**EXERCISE DETAILS:**
Leave out the images; return the rest of the data exactly.

**COLLECTED DATA:**
────────────────────
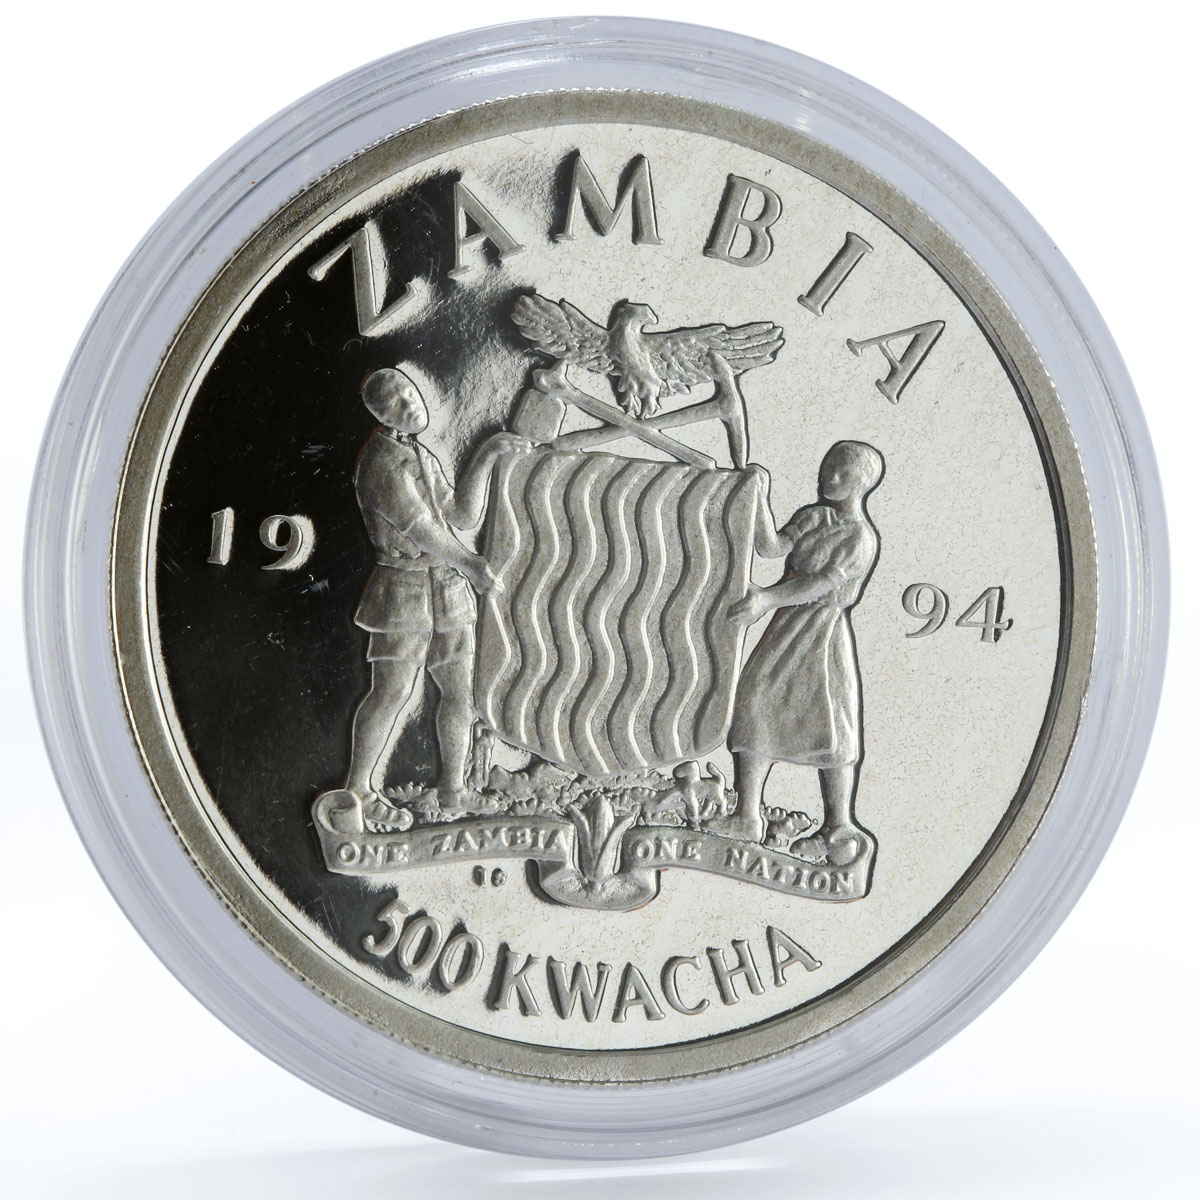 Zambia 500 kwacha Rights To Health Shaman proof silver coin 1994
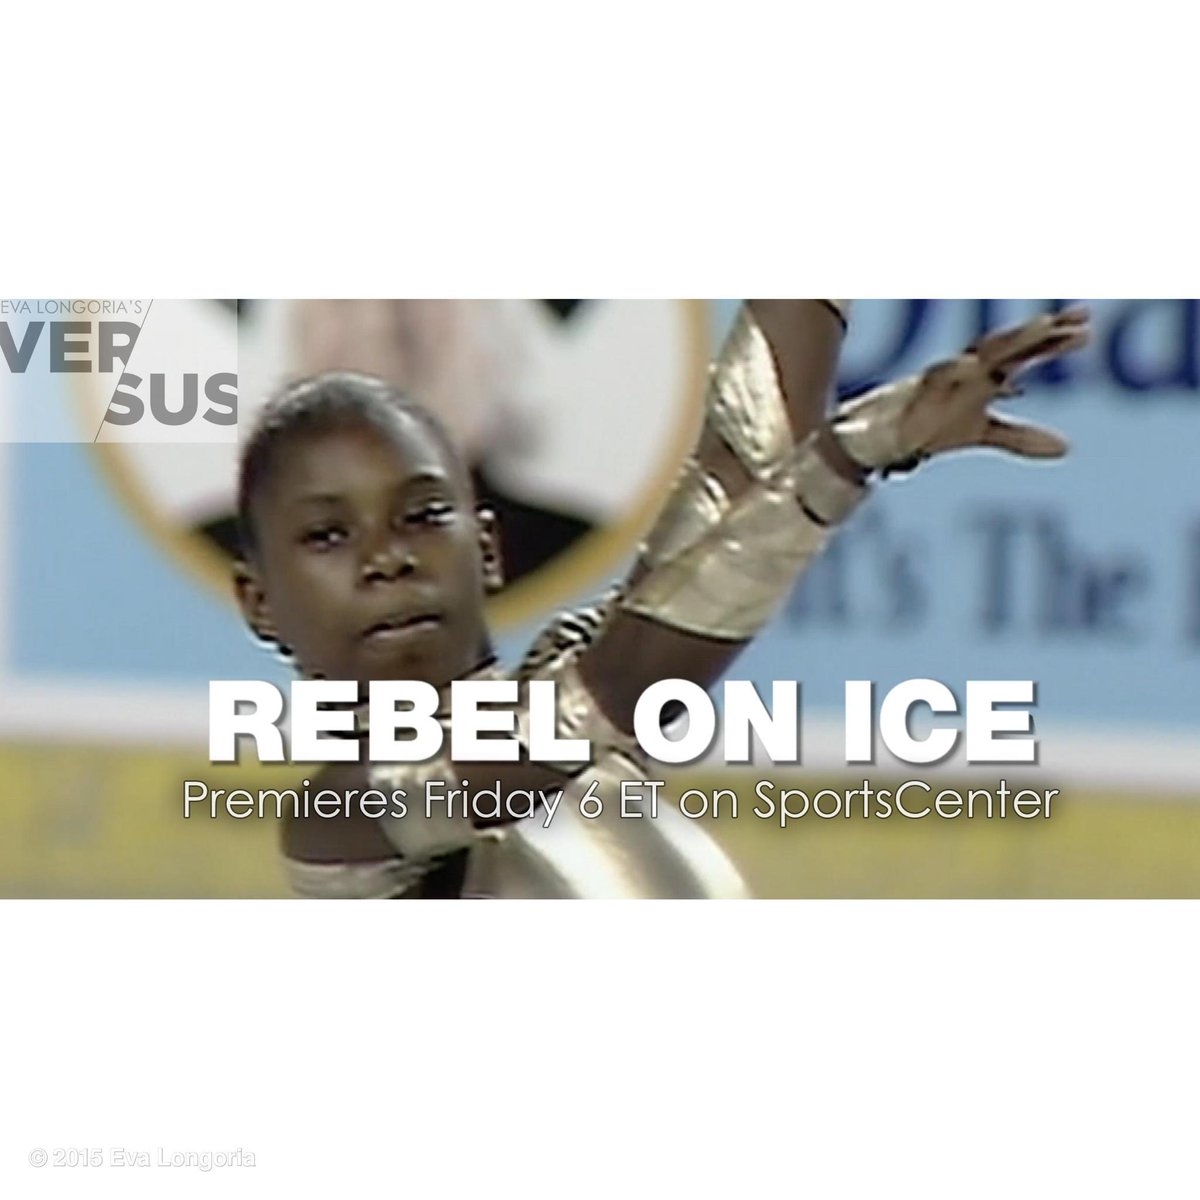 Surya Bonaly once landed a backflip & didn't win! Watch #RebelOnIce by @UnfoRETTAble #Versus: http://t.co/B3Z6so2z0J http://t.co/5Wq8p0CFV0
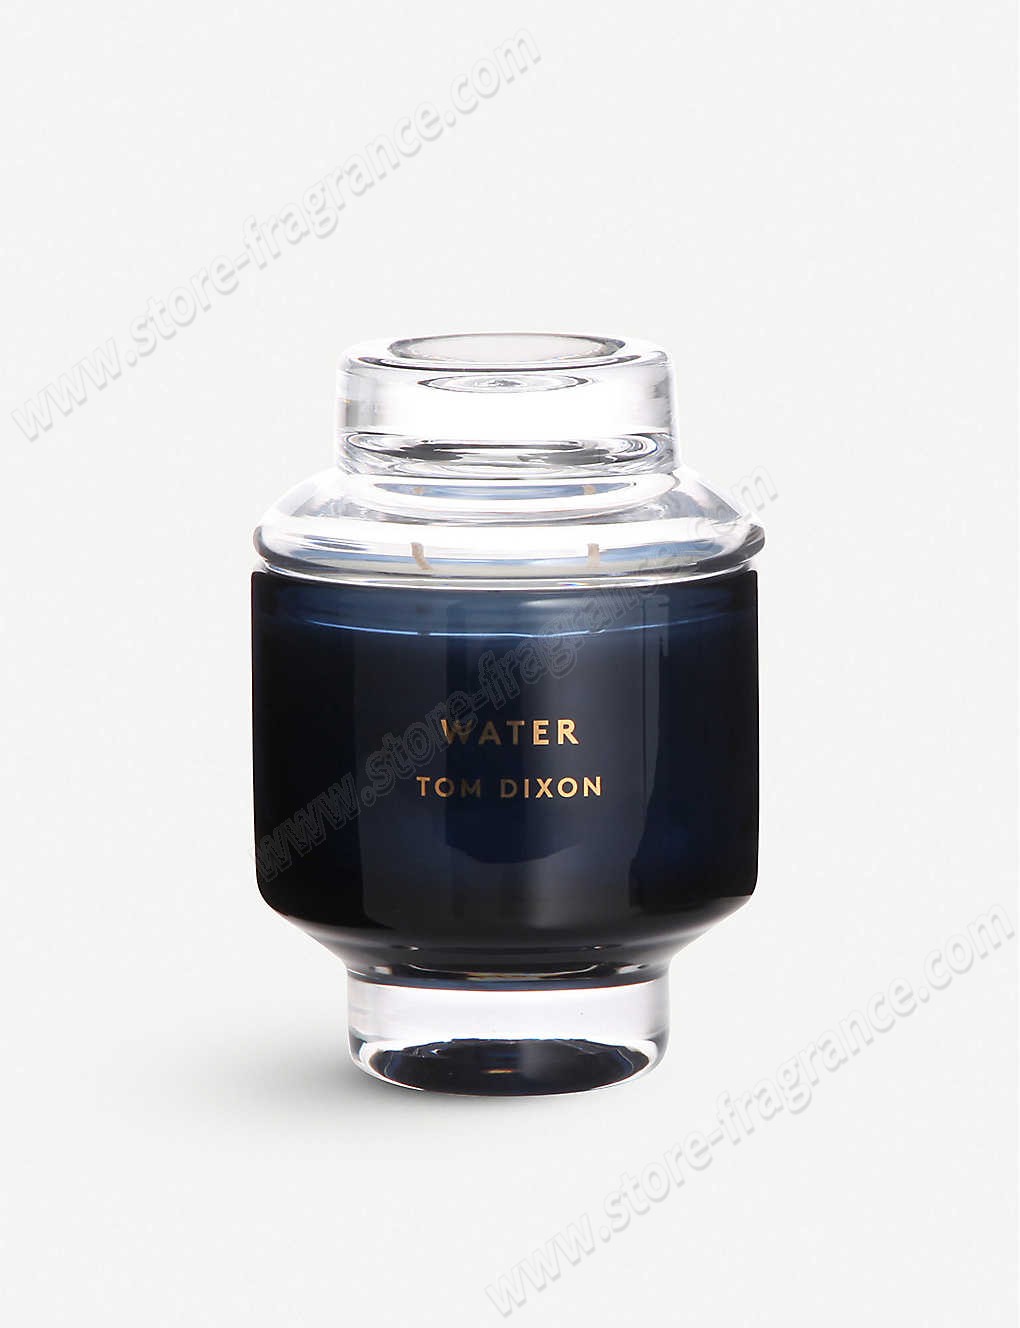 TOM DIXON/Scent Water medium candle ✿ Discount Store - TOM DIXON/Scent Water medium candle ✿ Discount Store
────────────────────
**EXERCISE SOLUTION:**
 Zambia 500 kwacha Rights To Health Shaman proof silver coin 1994
 Surya Bonaly once landed a backflip & didn't win! Watch #RebelOnIce by @UnfoRETTAble #Versus: http://t.co/B3Z6so2z0J http://t.co/5Wq8p0CFV0
 TOM DIXON/Scent Water medium candle ✿ Discount Store - TOM DIXON/Scent Water medium candle ✿ Discount Store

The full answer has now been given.